◆ **DATA EXTRACT**:
+++++

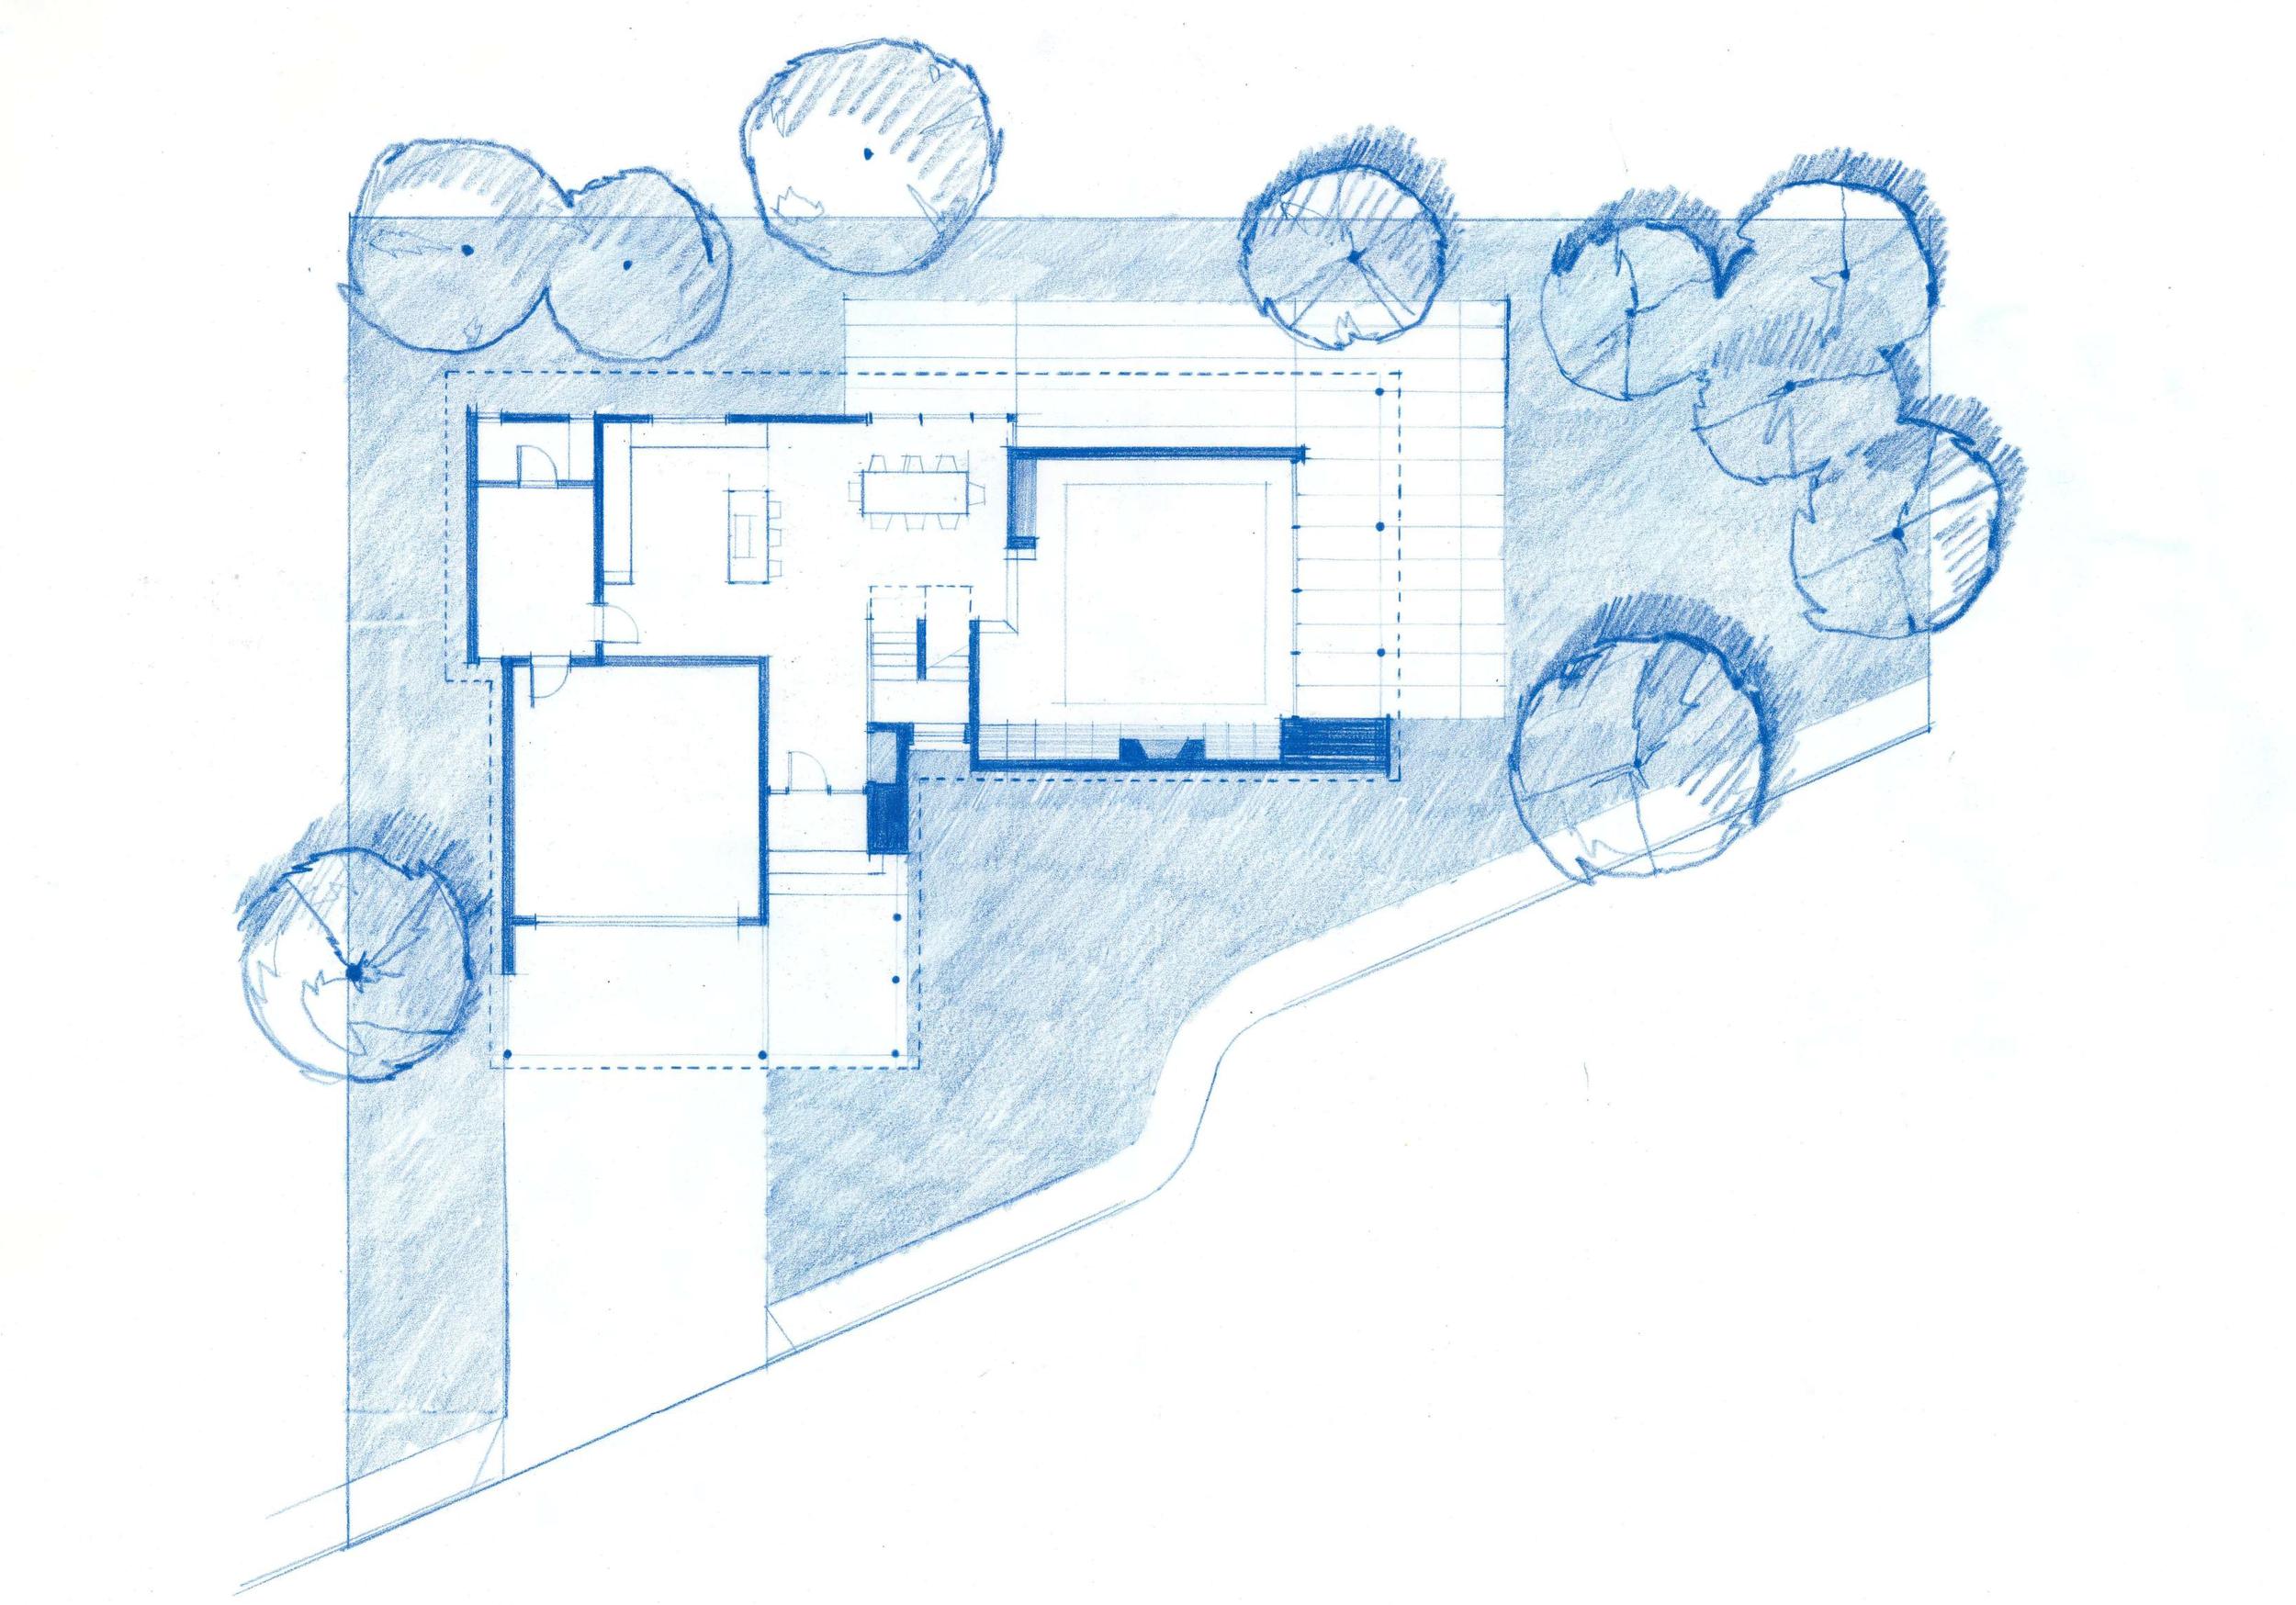 Deer Hill_4_First floor plan.png
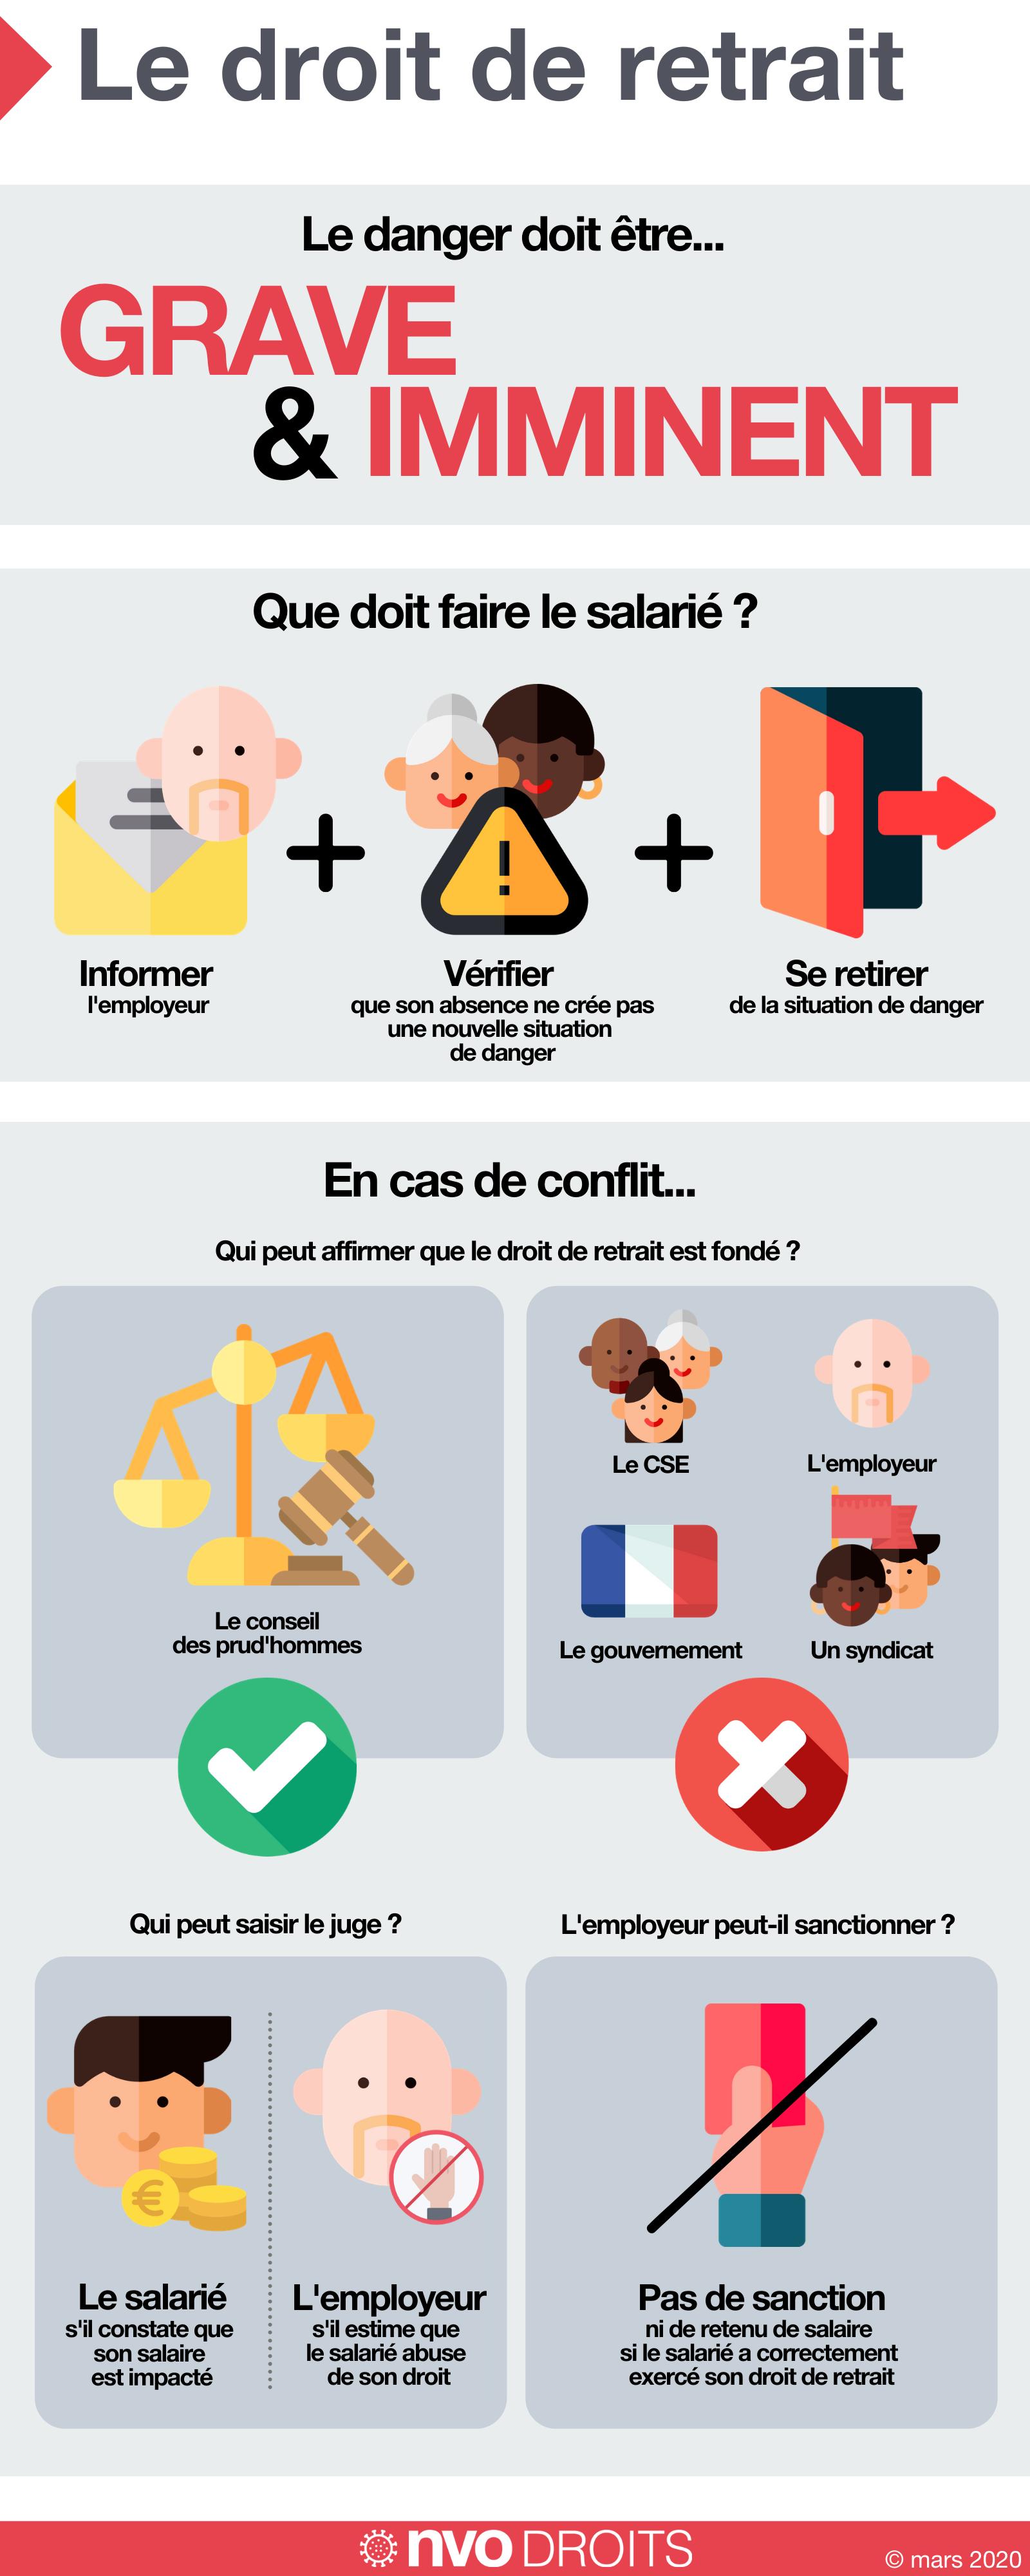 NVO - La Nouvelle Vie Ouvrière, le magazine des militants de la CGT Droit de retrait coronavirus
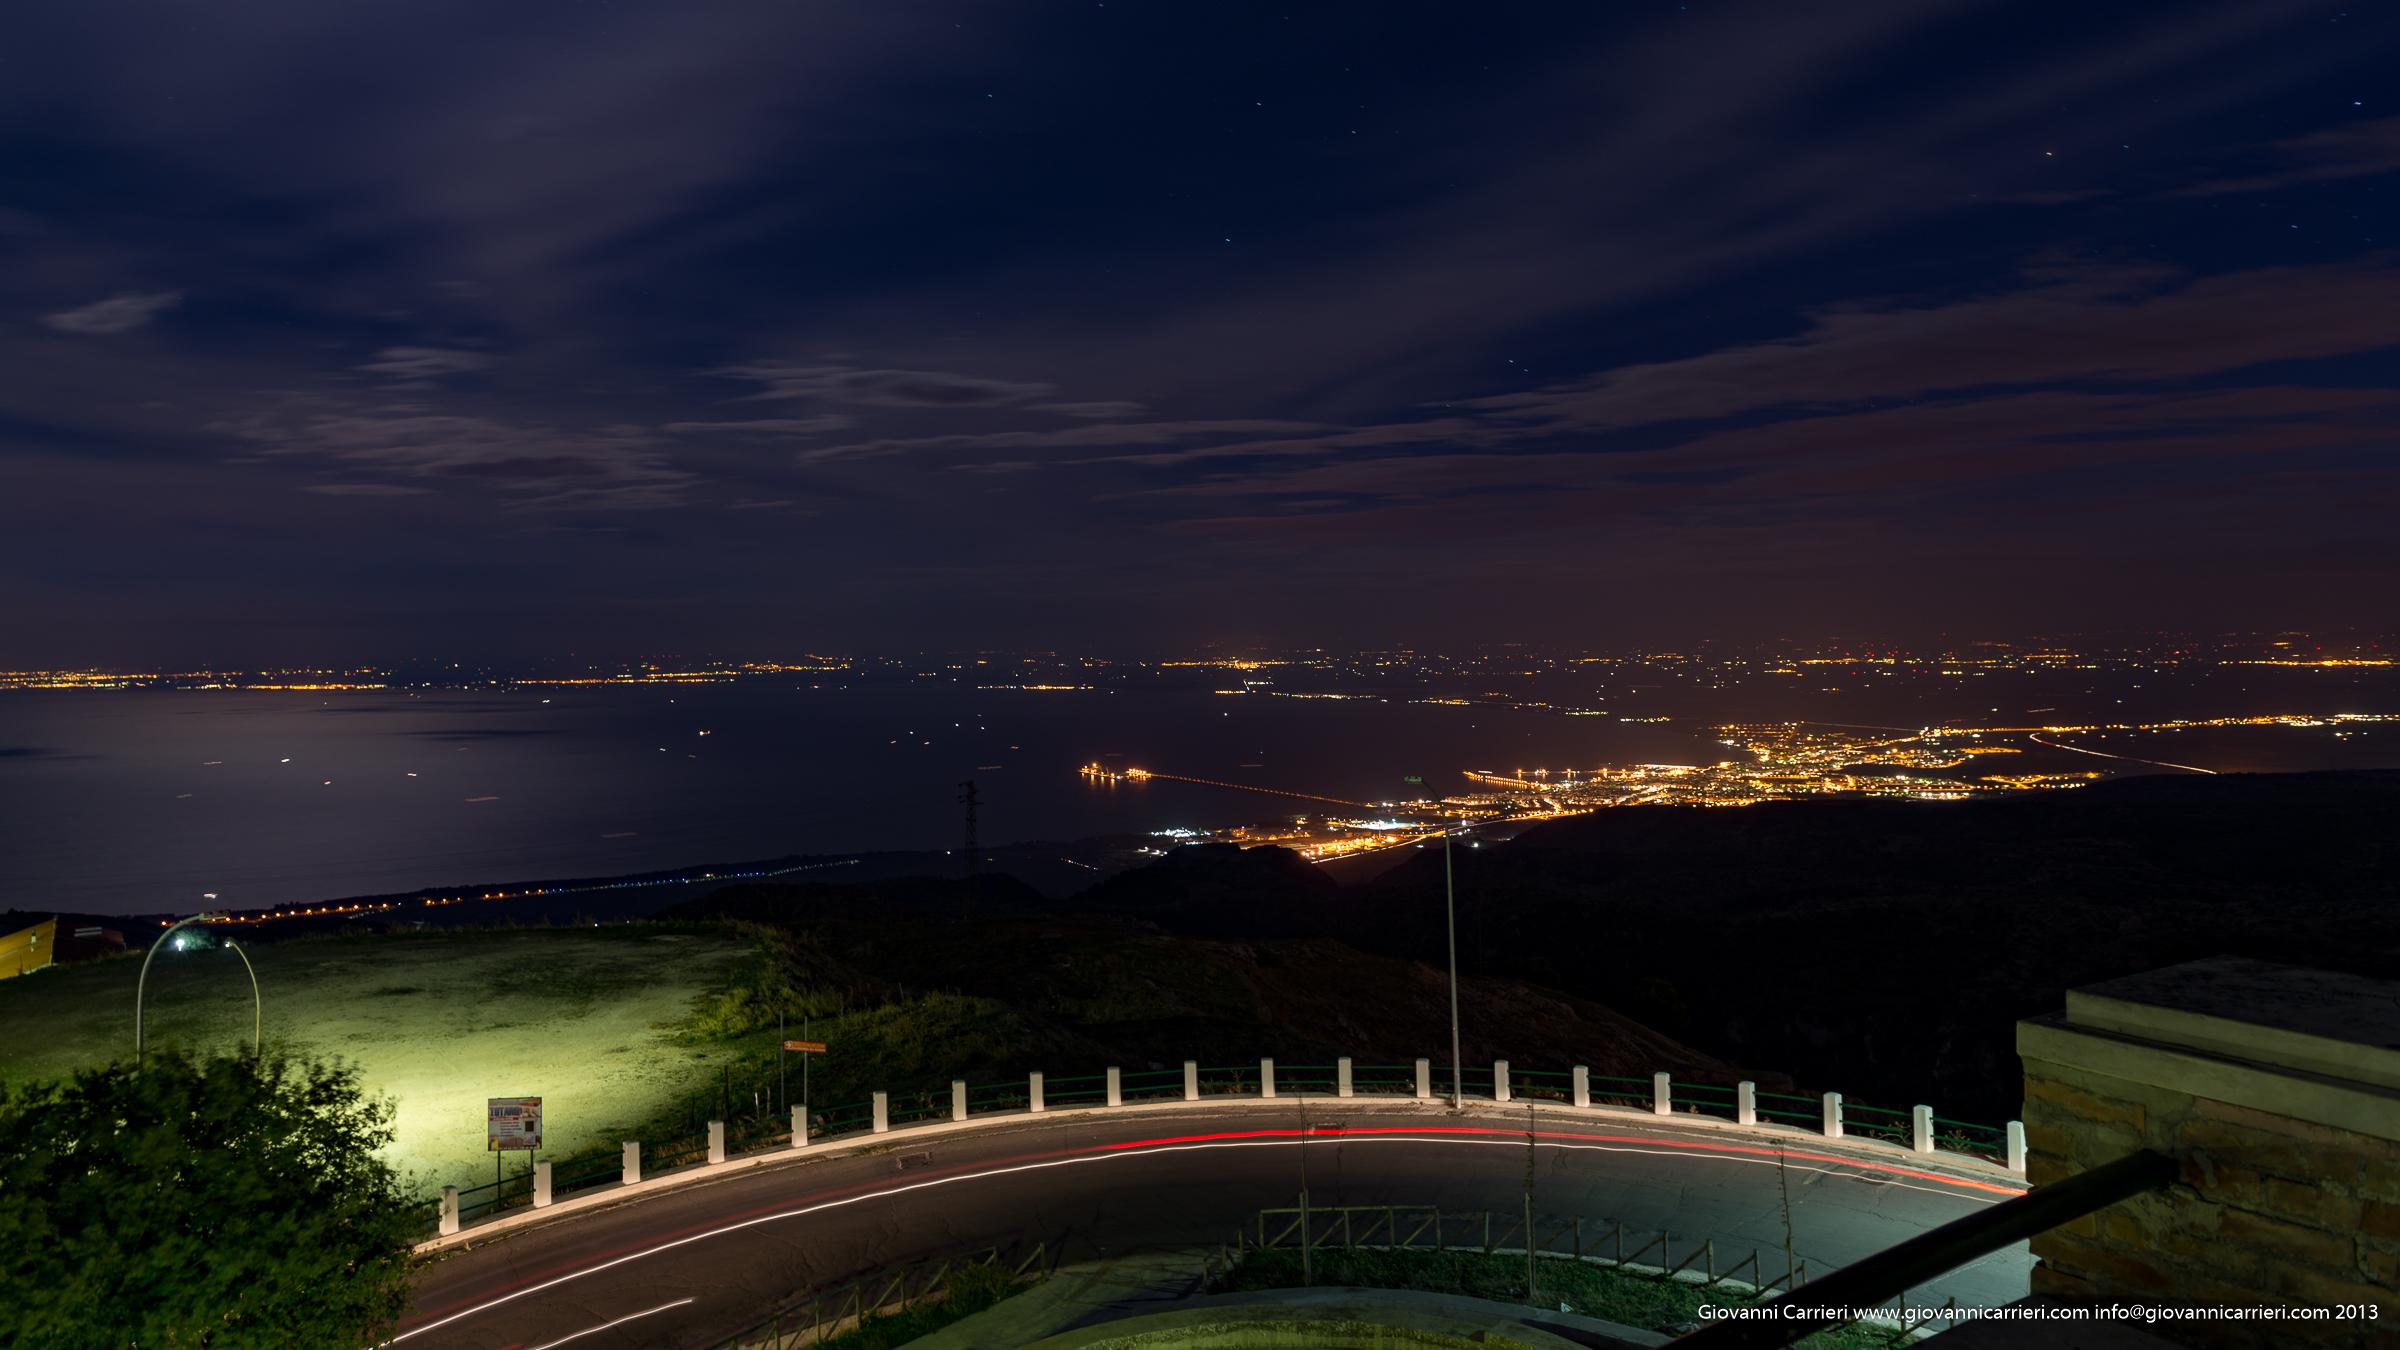 Il golfo di Manfredonia

+++++

The output should be the material above, copied exactly, without its pictures.

◆ **SOLUTION BELOW**:
 Deer Hill_4_First floor plan.png
 NVO - La Nouvelle Vie Ouvrière, le magazine des militants de la CGT Droit de retrait coronavirus
 Il golfo di Manfredonia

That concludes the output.